### Supplied information
———

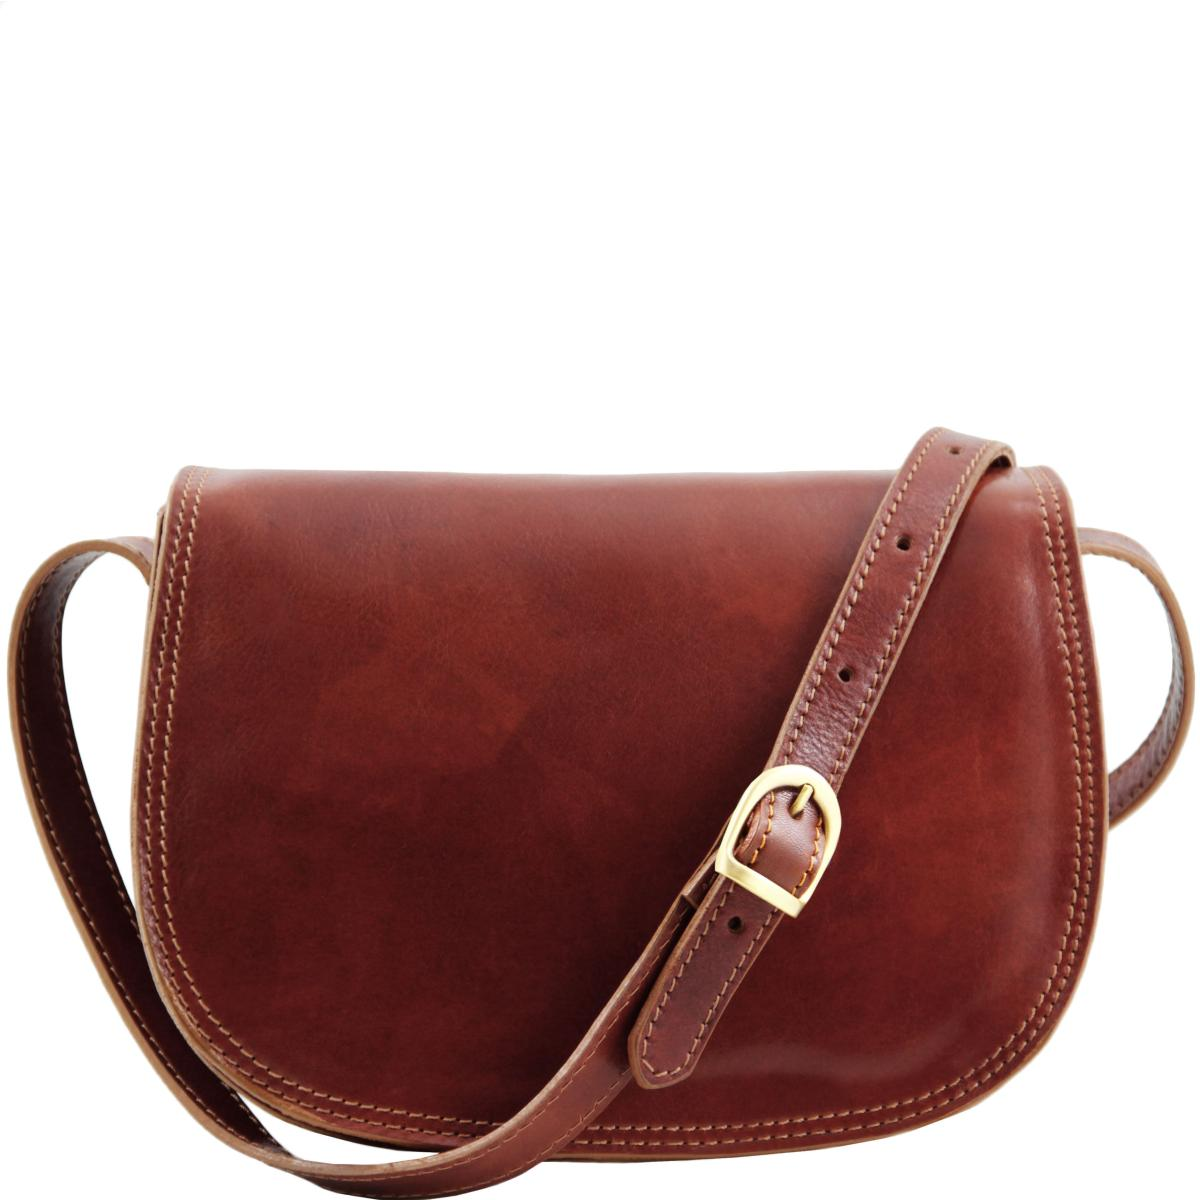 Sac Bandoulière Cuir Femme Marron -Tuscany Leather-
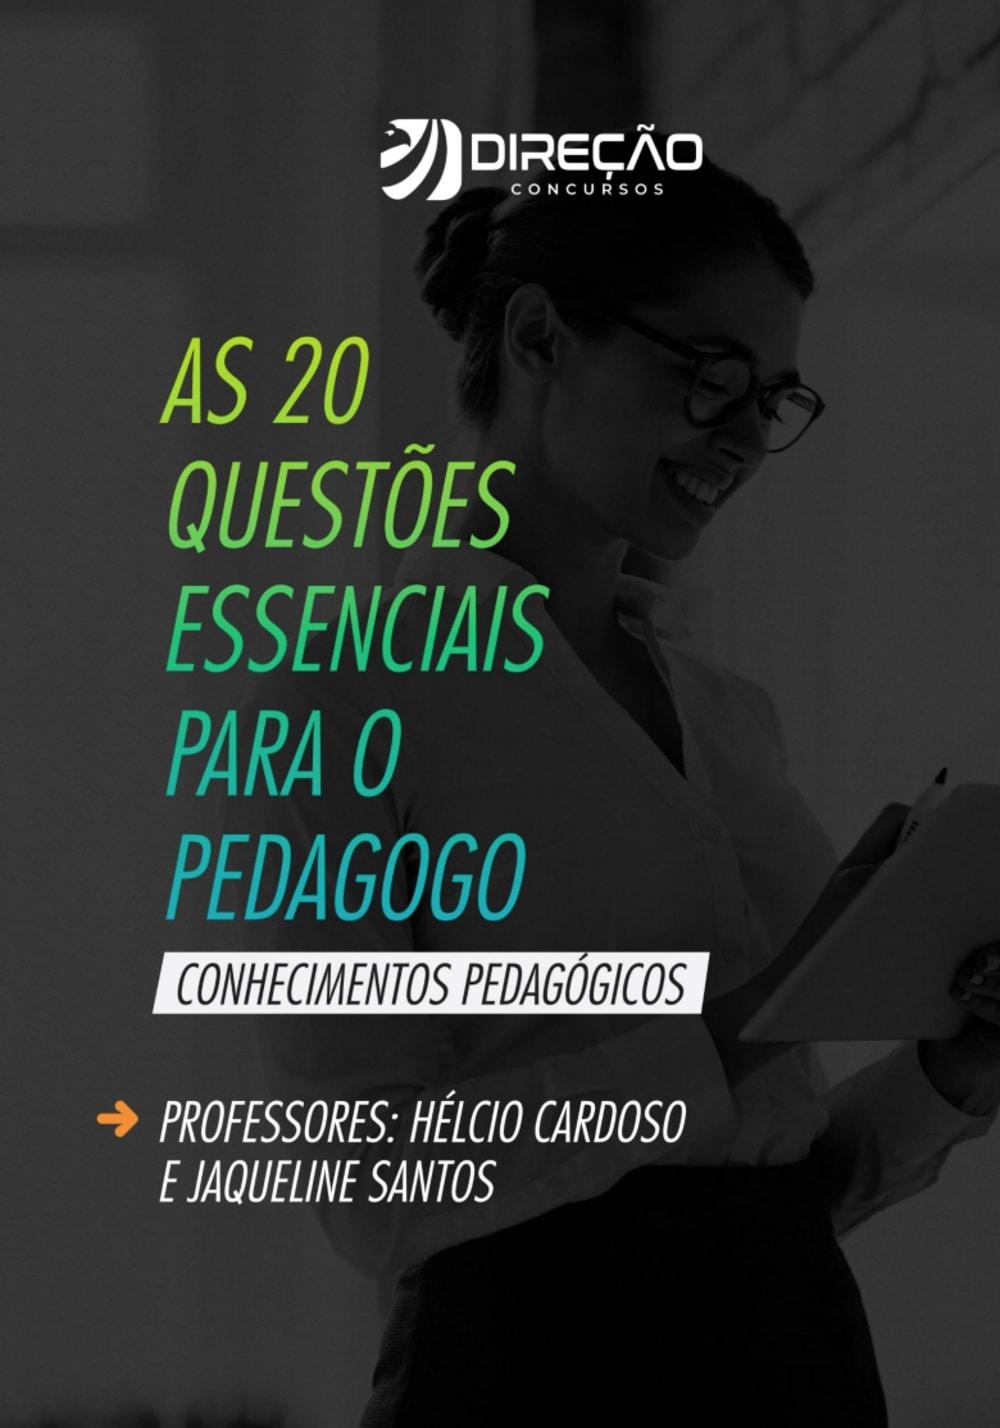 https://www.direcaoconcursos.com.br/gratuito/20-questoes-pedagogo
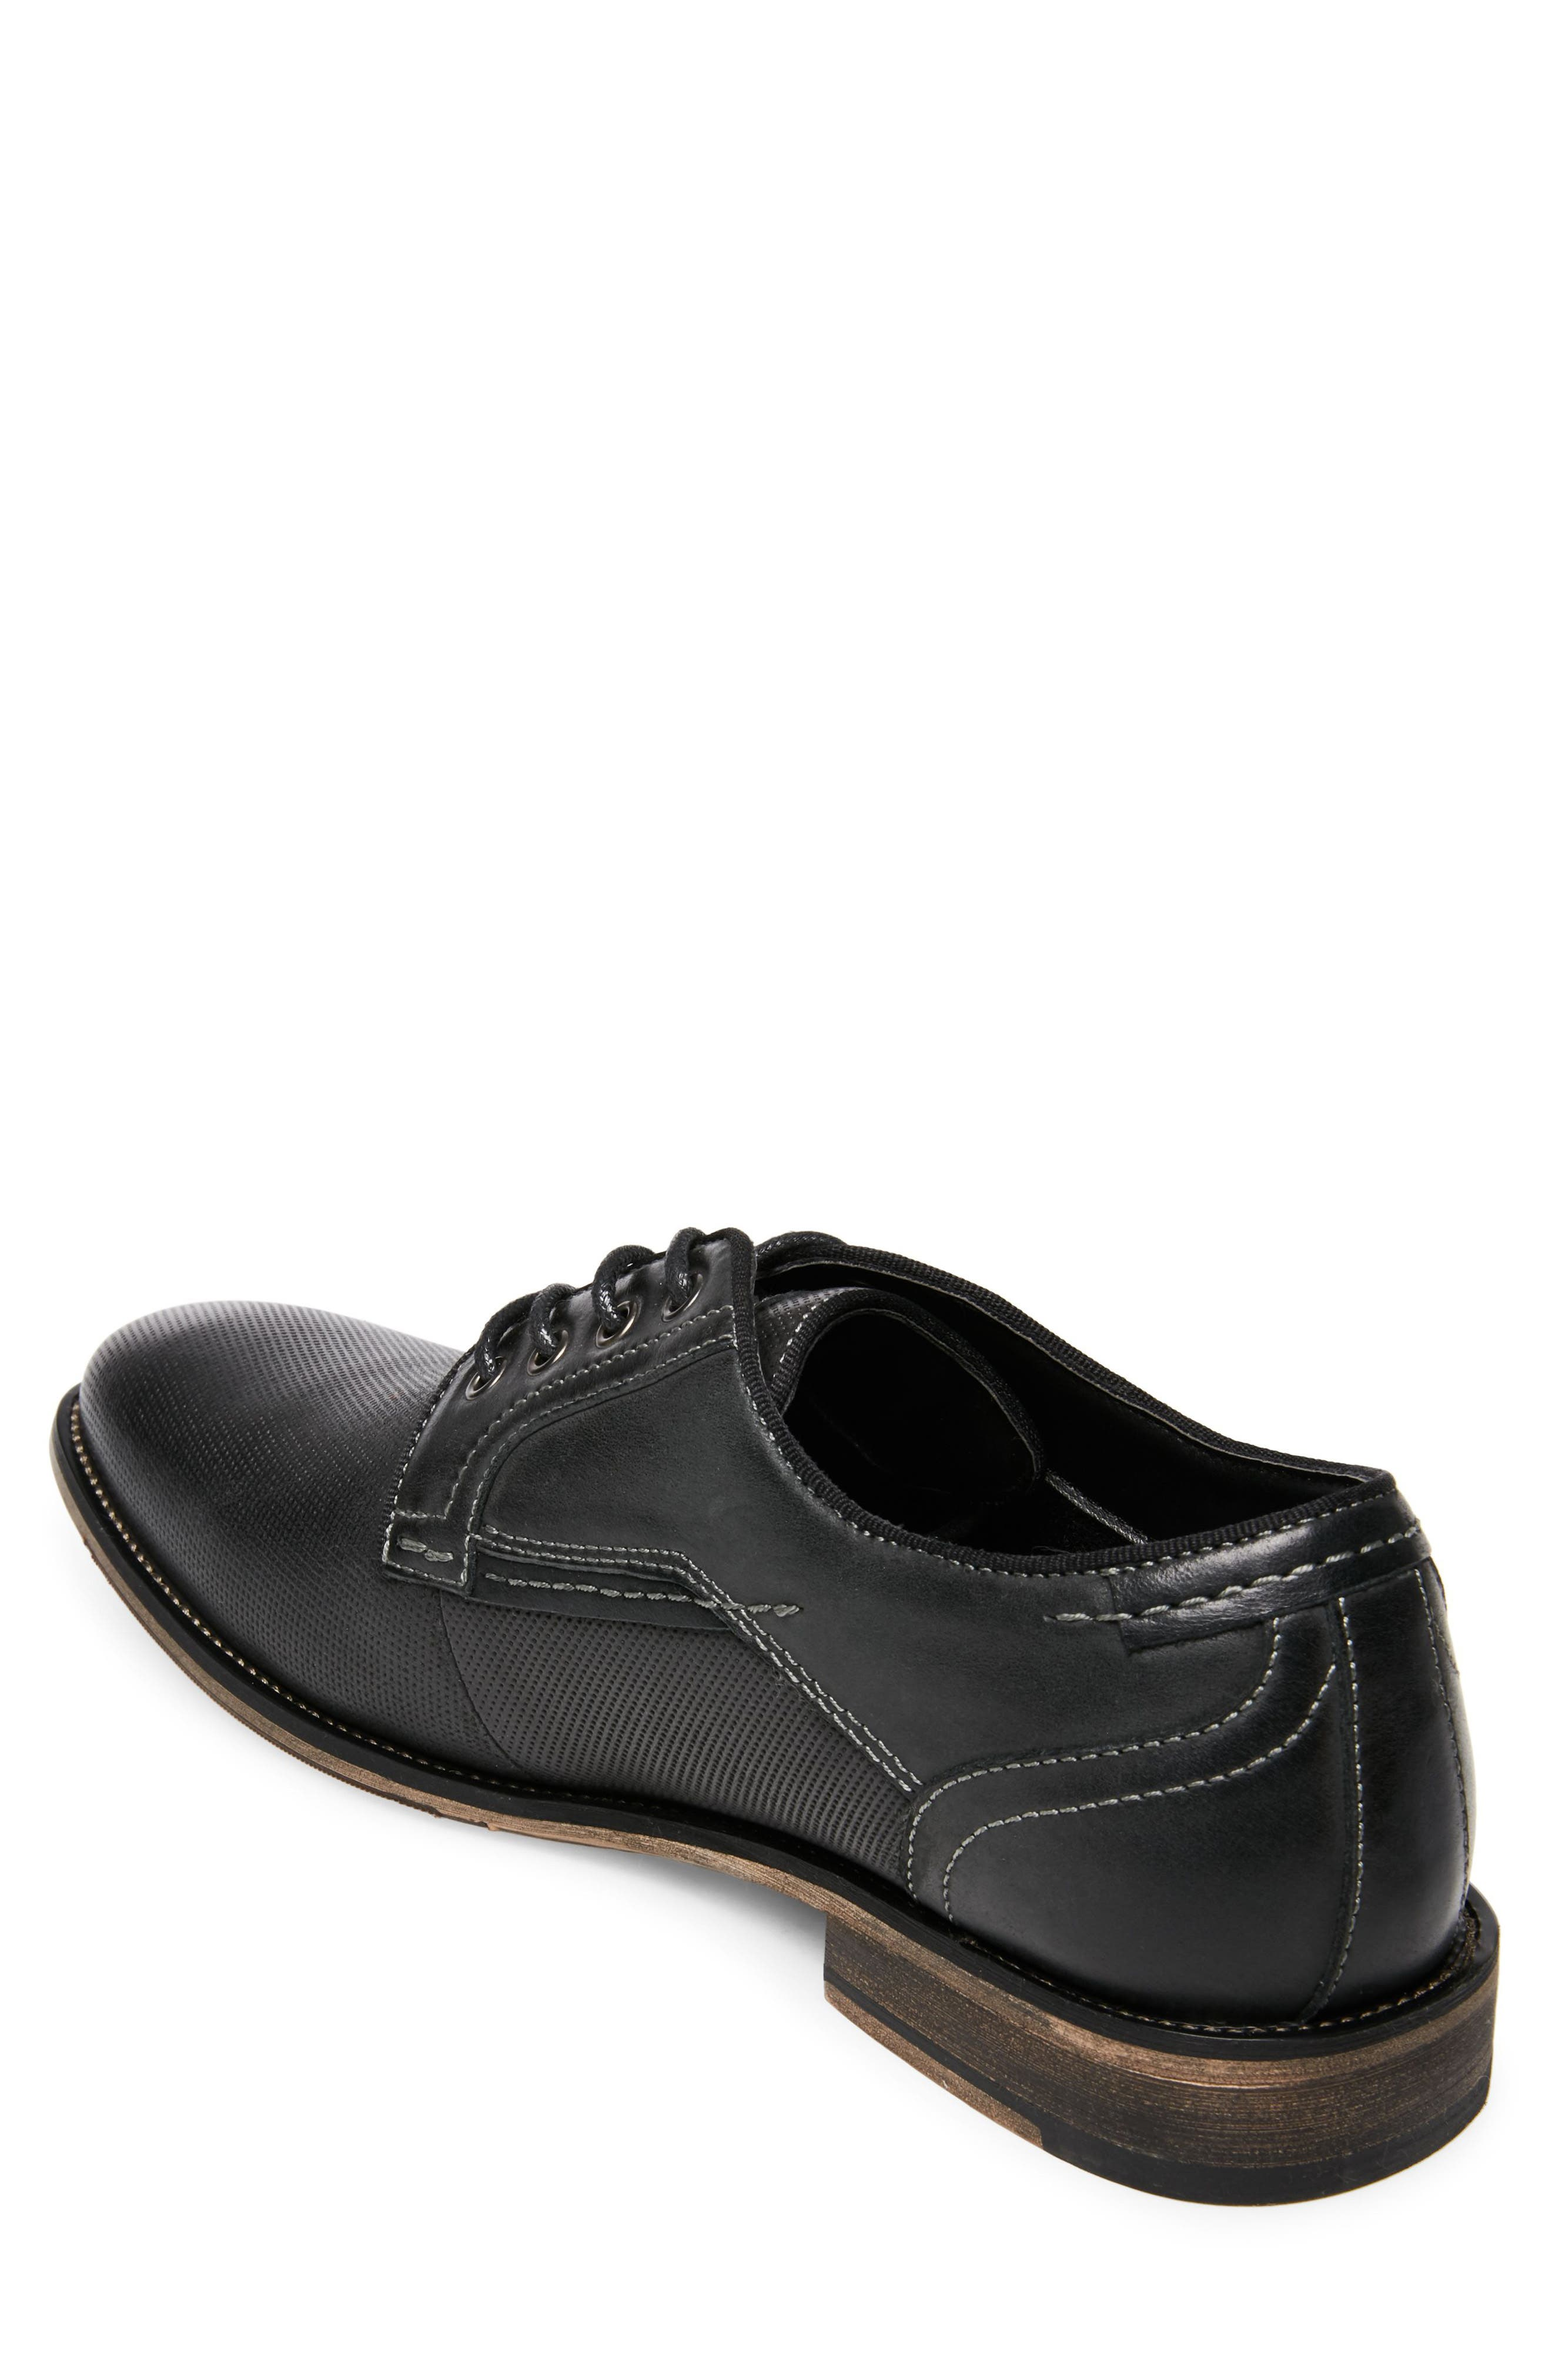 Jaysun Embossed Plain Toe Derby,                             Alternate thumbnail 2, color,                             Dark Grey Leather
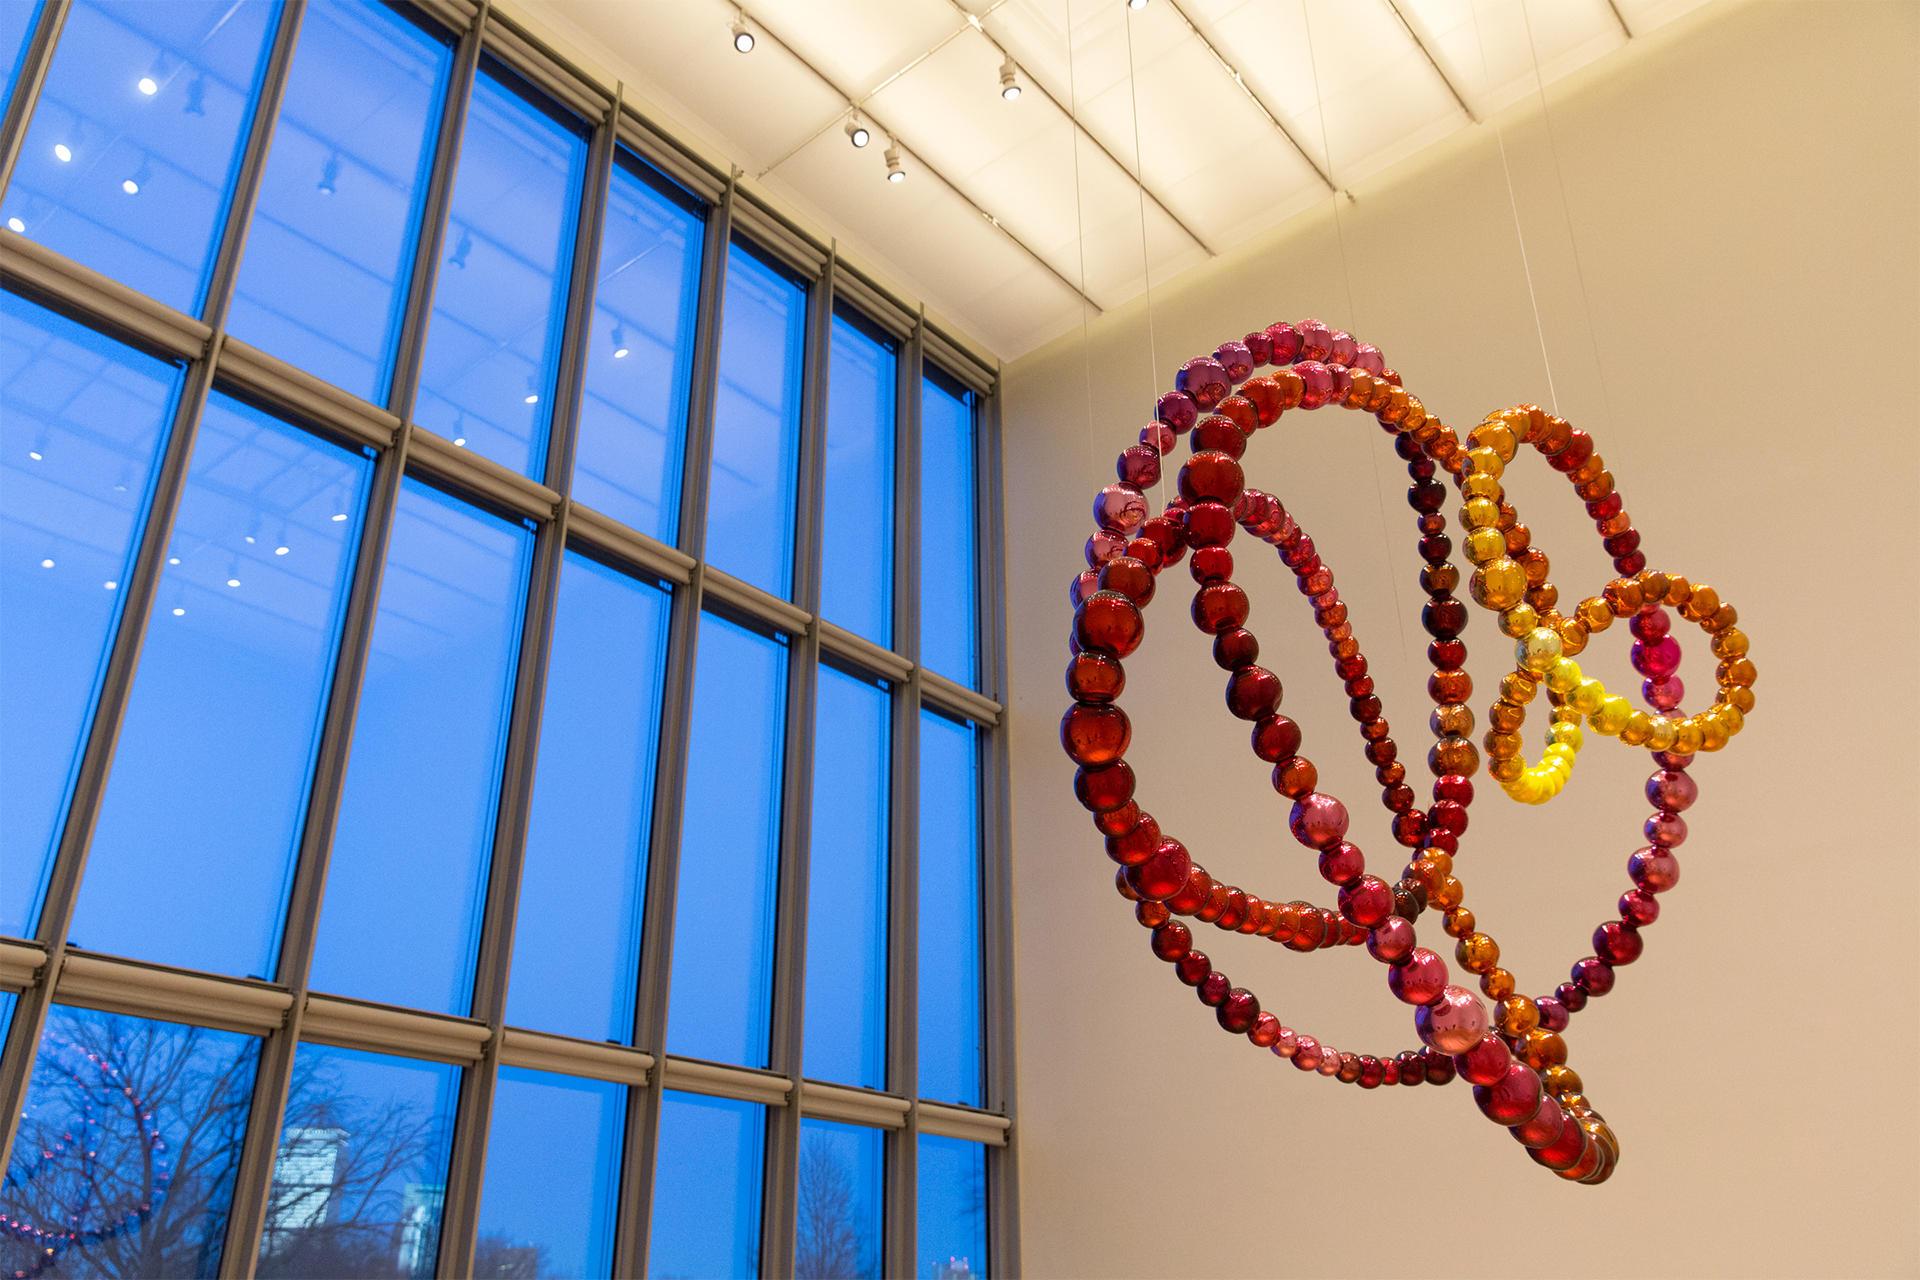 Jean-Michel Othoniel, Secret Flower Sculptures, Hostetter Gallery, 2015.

———

### What you will do
The pictures alone are to be left out when the data above is copied; all else must match exactly.

### Reply
 Sac Bandoulière Cuir Femme Marron -Tuscany Leather-
 https://www.direcaoconcursos.com.br/gratuito/20-questoes-pedagogo
 Jaysun Embossed Plain Toe Derby,                             Alternate thumbnail 2, color,                             Dark Grey Leather
 Jean-Michel Othoniel, Secret Flower Sculptures, Hostetter Gallery, 2015.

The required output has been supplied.